Your objective: Exact reproduction is required for the lines below starting at the line with "The UrSU team" and ending at the line with "J.K. Rowling posing", both included. No other lines, and no pictures.

Data for the task:
____________________
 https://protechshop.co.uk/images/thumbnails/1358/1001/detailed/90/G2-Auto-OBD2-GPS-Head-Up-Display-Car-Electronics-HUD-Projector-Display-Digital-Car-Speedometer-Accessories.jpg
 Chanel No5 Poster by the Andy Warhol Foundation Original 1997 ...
____________________
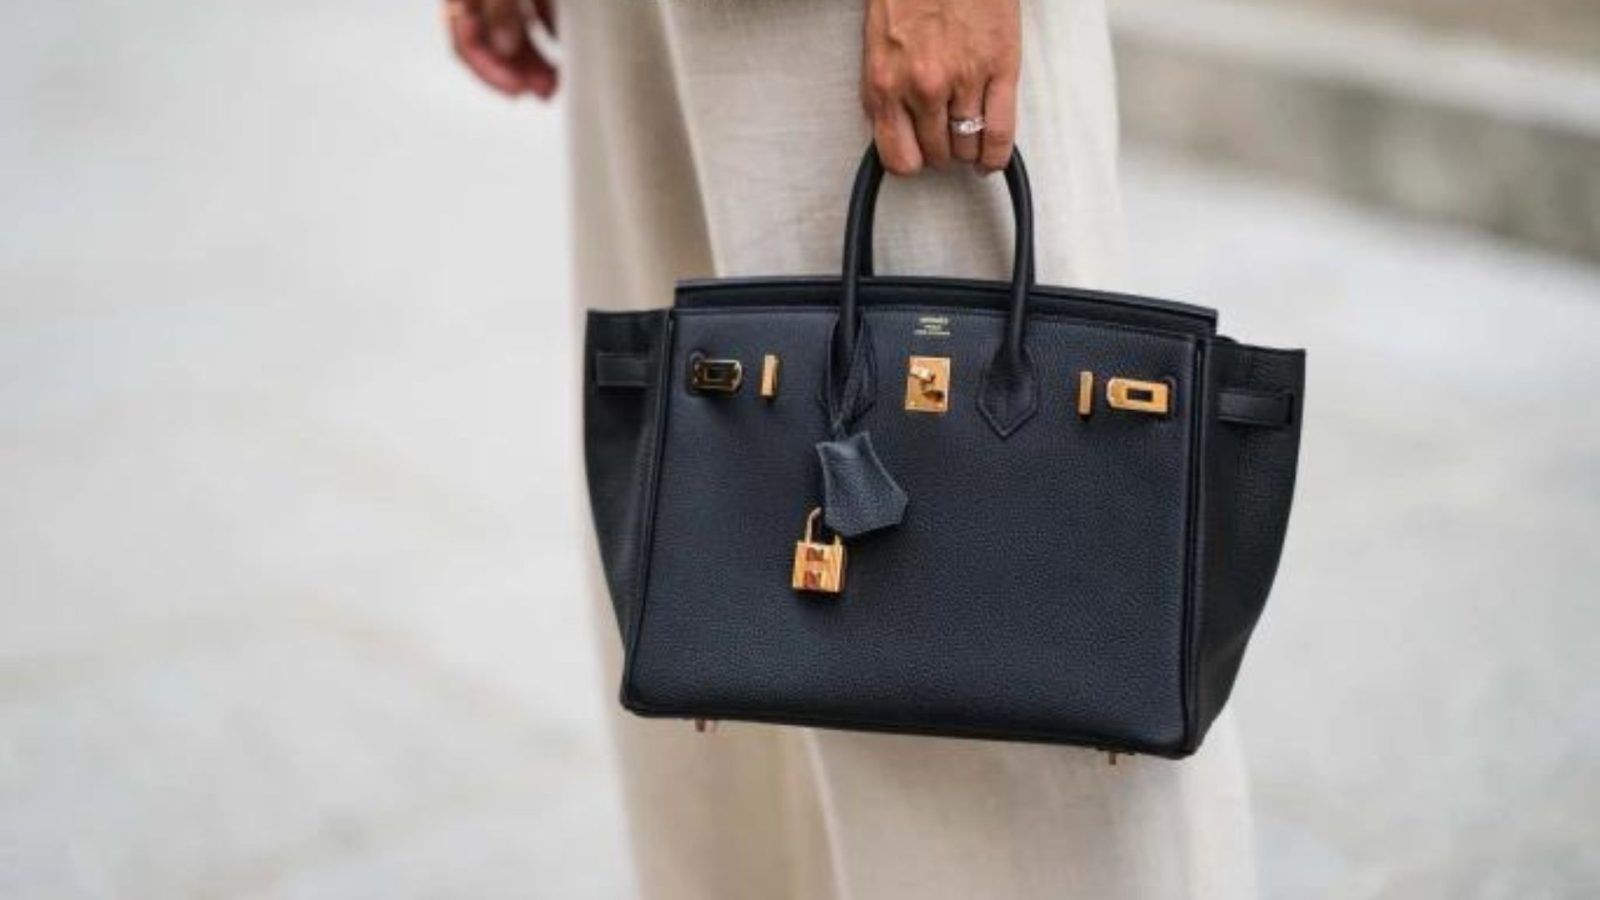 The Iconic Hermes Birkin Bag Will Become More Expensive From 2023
____________________
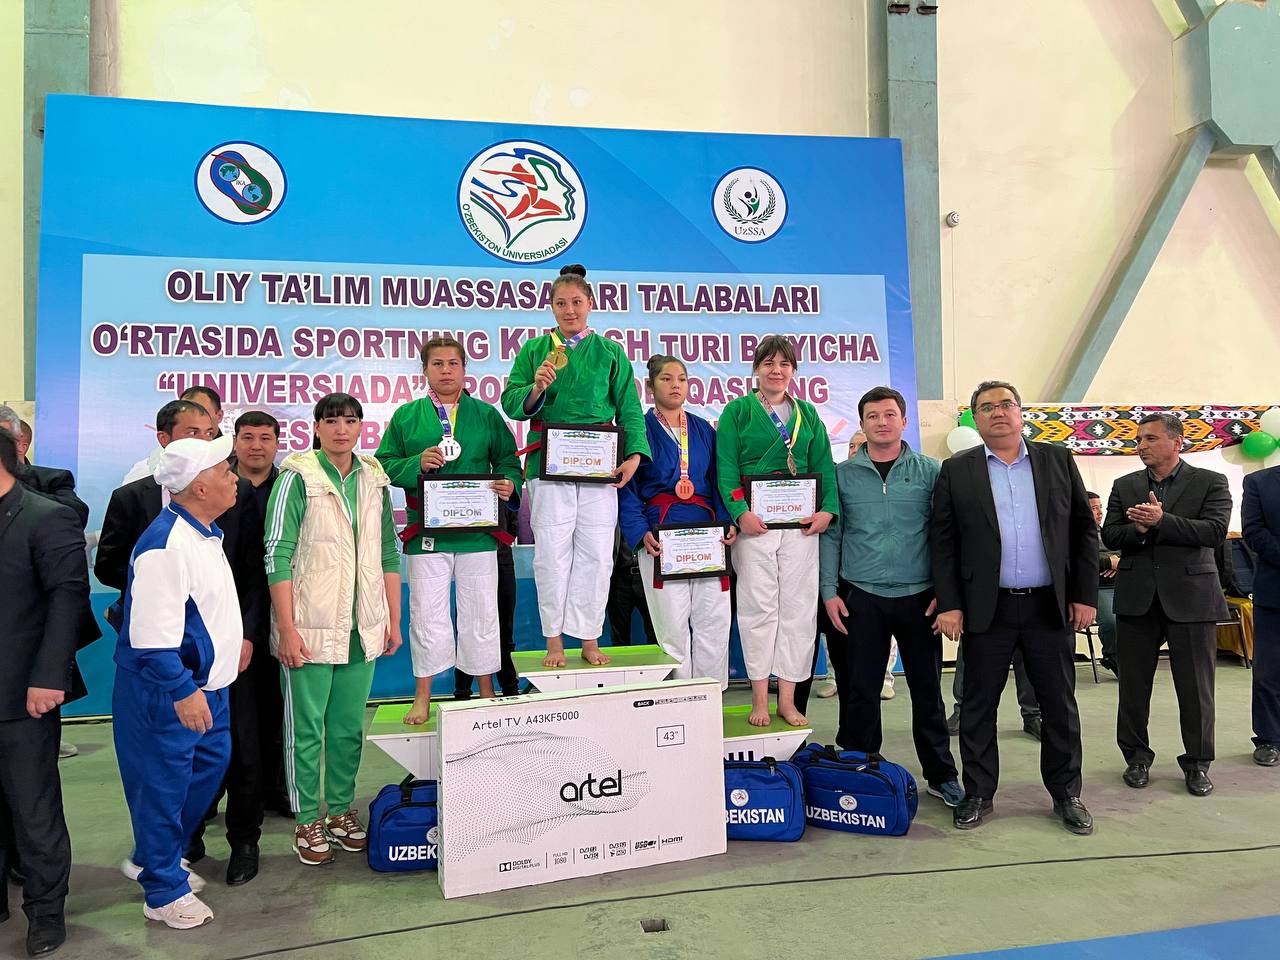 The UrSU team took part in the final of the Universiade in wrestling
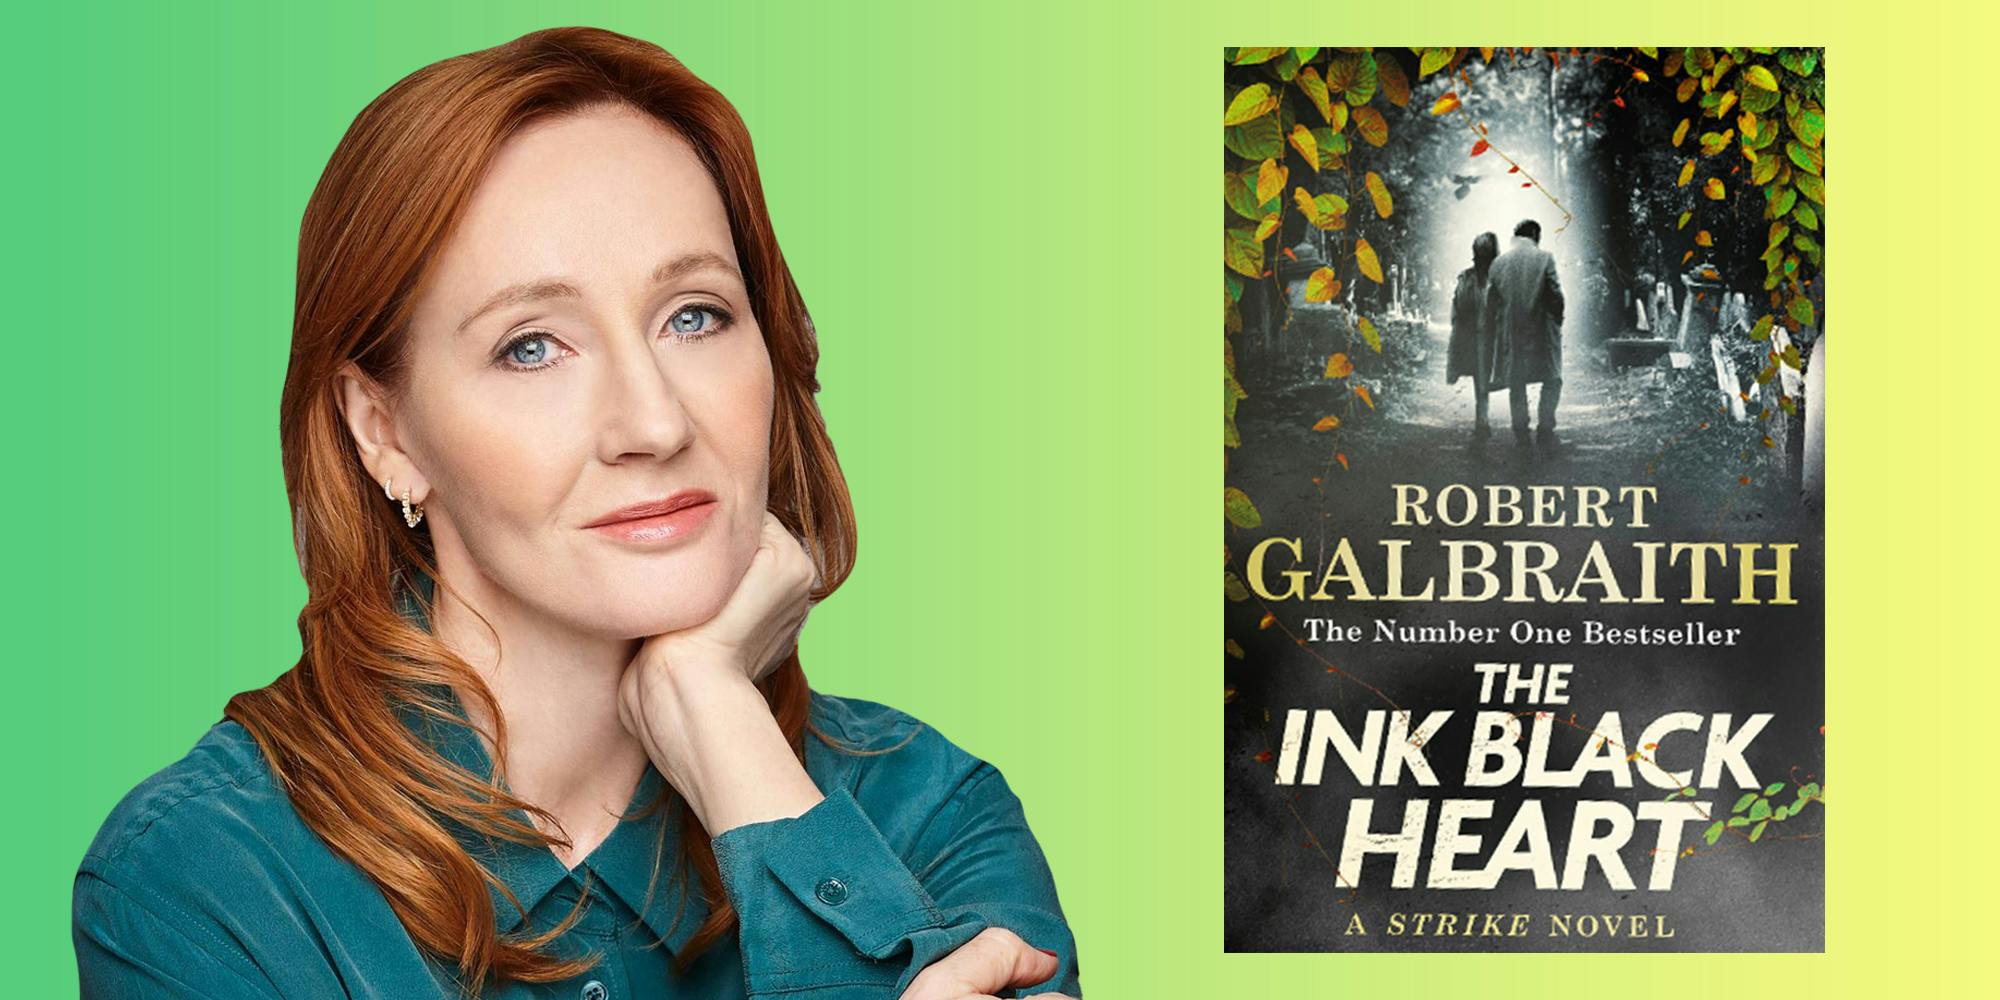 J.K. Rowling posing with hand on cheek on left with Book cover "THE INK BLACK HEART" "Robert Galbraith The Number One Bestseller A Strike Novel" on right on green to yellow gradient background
____________________
Problem solution:
 The UrSU team took part in the final of the Universiade in wrestling
 J.K. Rowling posing with hand on cheek on left with Book cover "THE INK BLACK HEART" "Robert Galbraith The Number One Bestseller A Strike Novel" on right on green to yellow gradient background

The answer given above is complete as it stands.